Zillow is reporting this week that the U.S. housing market still favors sellers, indicating the recent sales dip has more to do with a lack of inventory than waning interest from potential buyers from the Coronavirus outbreak. In the rental market, renters and landlords are entering an uncertain period after some added unemployment benefits expired at the end of July 2020.
"Record-low mortgage rates are helping fuel a brisk pace of home sales later into this summer than normal, but buyers are having to compete over fewer and fewer listings," said Zillow economist Jeff Tucker. "The flow of new listings has recovered somewhat, but not fast enough to replace all the recent sales, so inventory continues to plumb new record lows.
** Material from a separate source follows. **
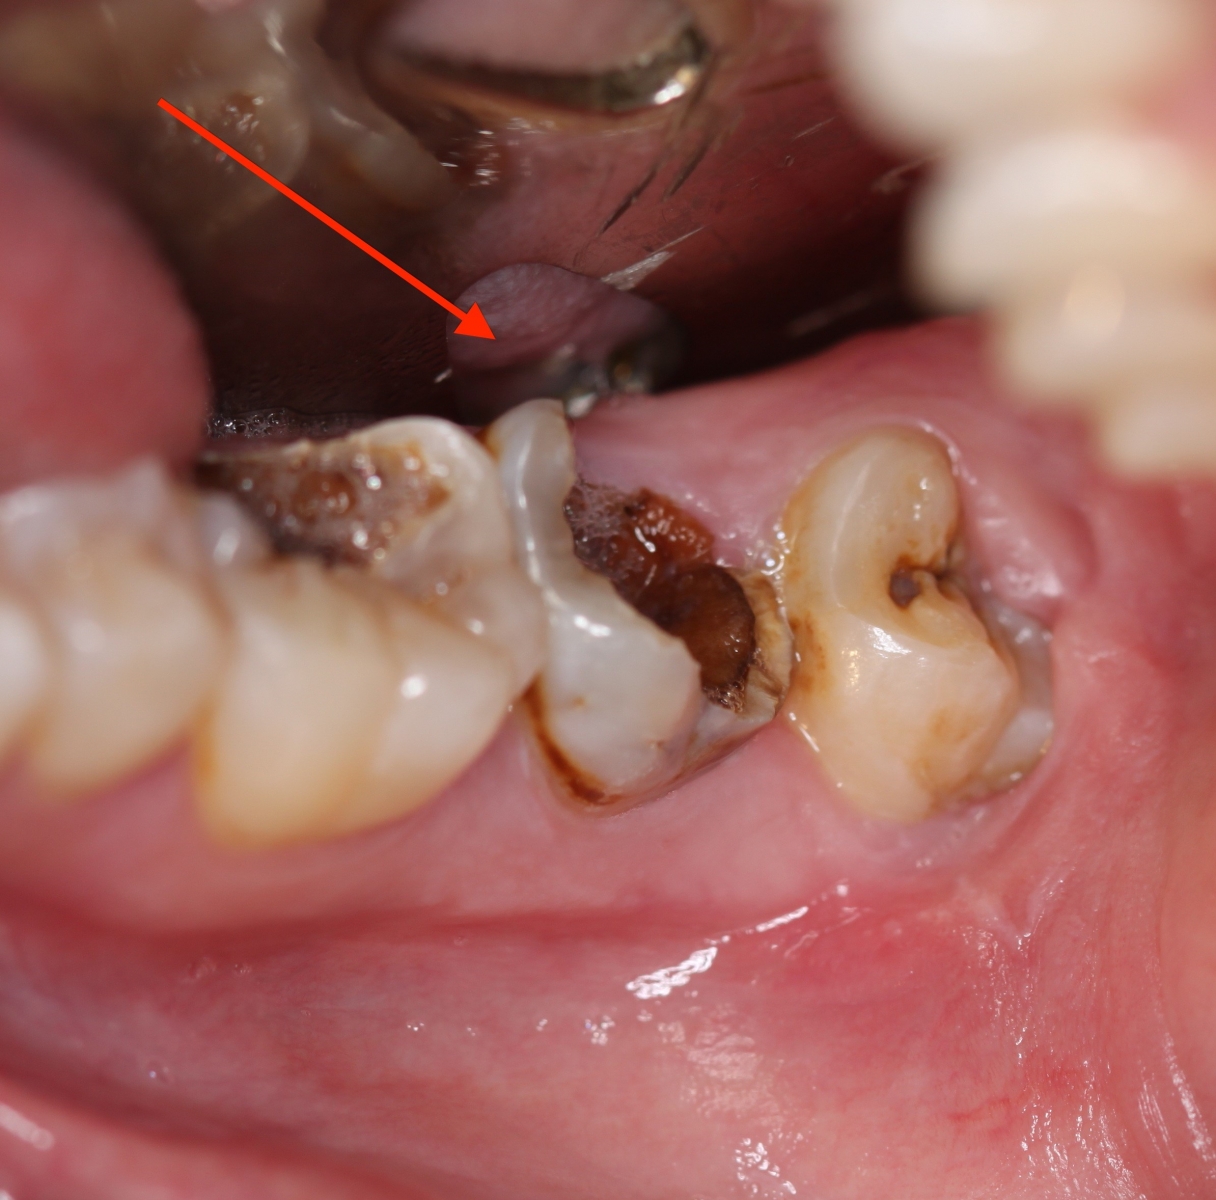 sâu răng và các bệnh lý sâu răng bạn phải biết 
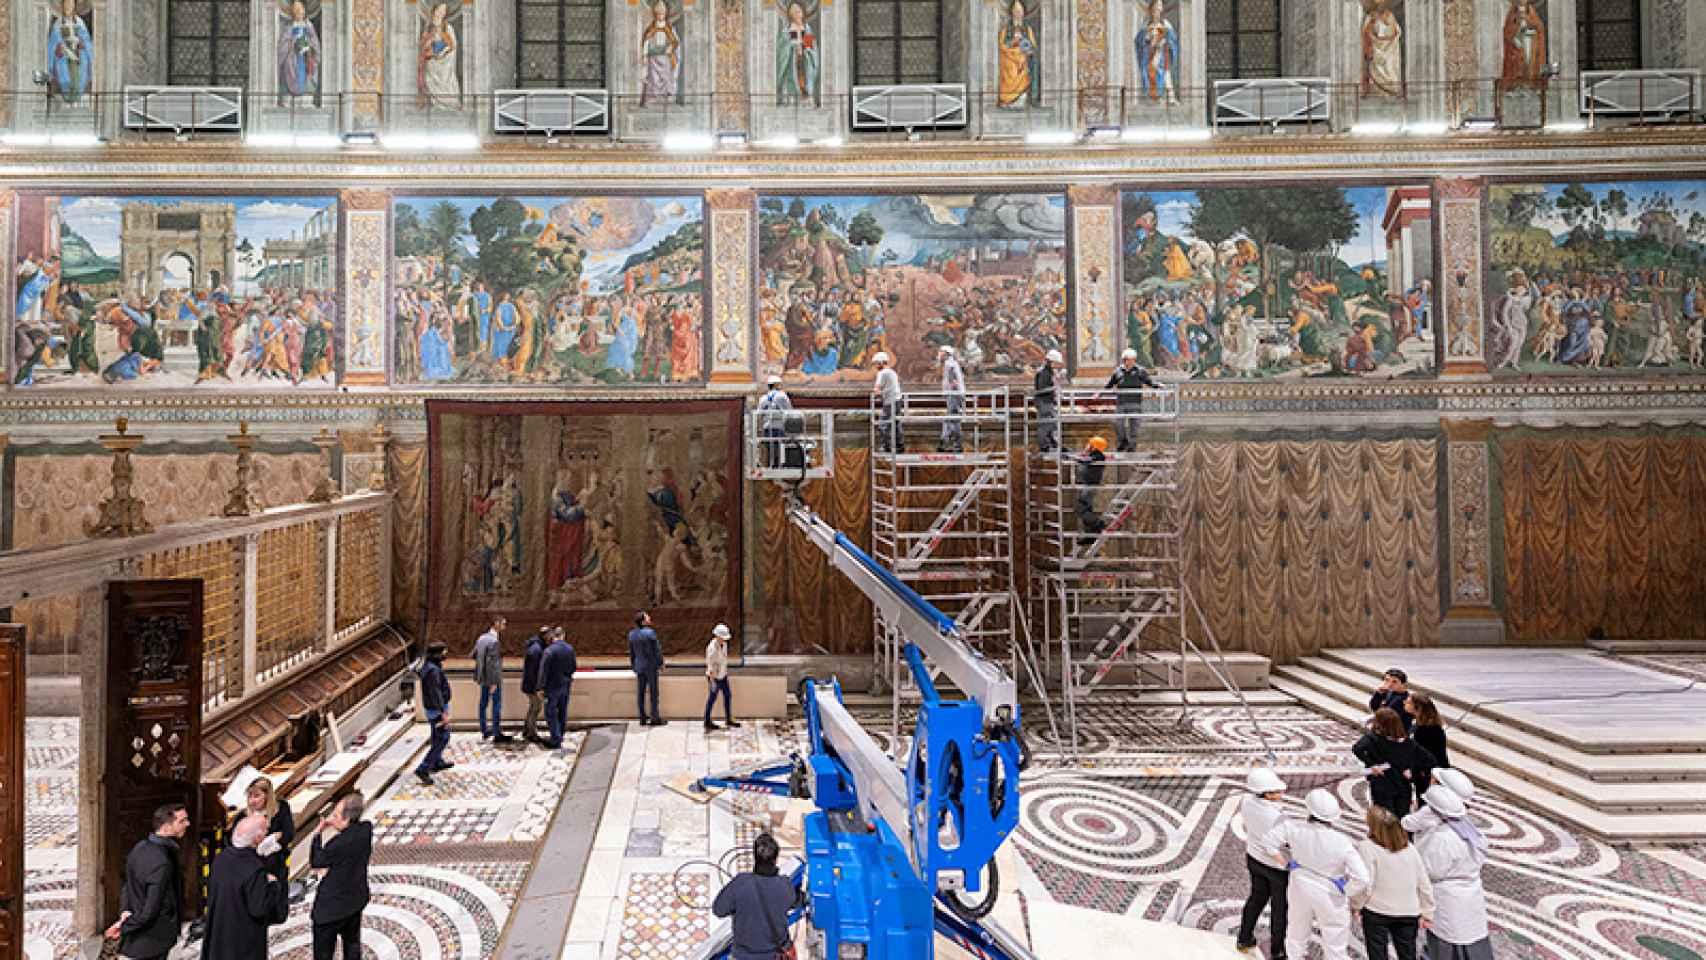 Estas obras de arte fueron un encargo del papa León X a Rafael.

There's no single reason sellers have been slow to return, but some possibilities include reluctance to having strangers tour their home; concerns about difficulty getting their next home and an assumption that they couldn't sell for a high price right now."
Newly pending sales fell last week, but other indicators show a hot market- Newly pending sales fell 0.9% week over week, but remain 13.8% higher than the same period a year ago.
- Homes that went under contract last week were typically on the market for 14 days. That's 11 days faster than last year.
- The share of listings with a price cut held steady at 4.2%, which is 1.3 percentage points lower than a year ago. It's remained at that share for the past four weeks.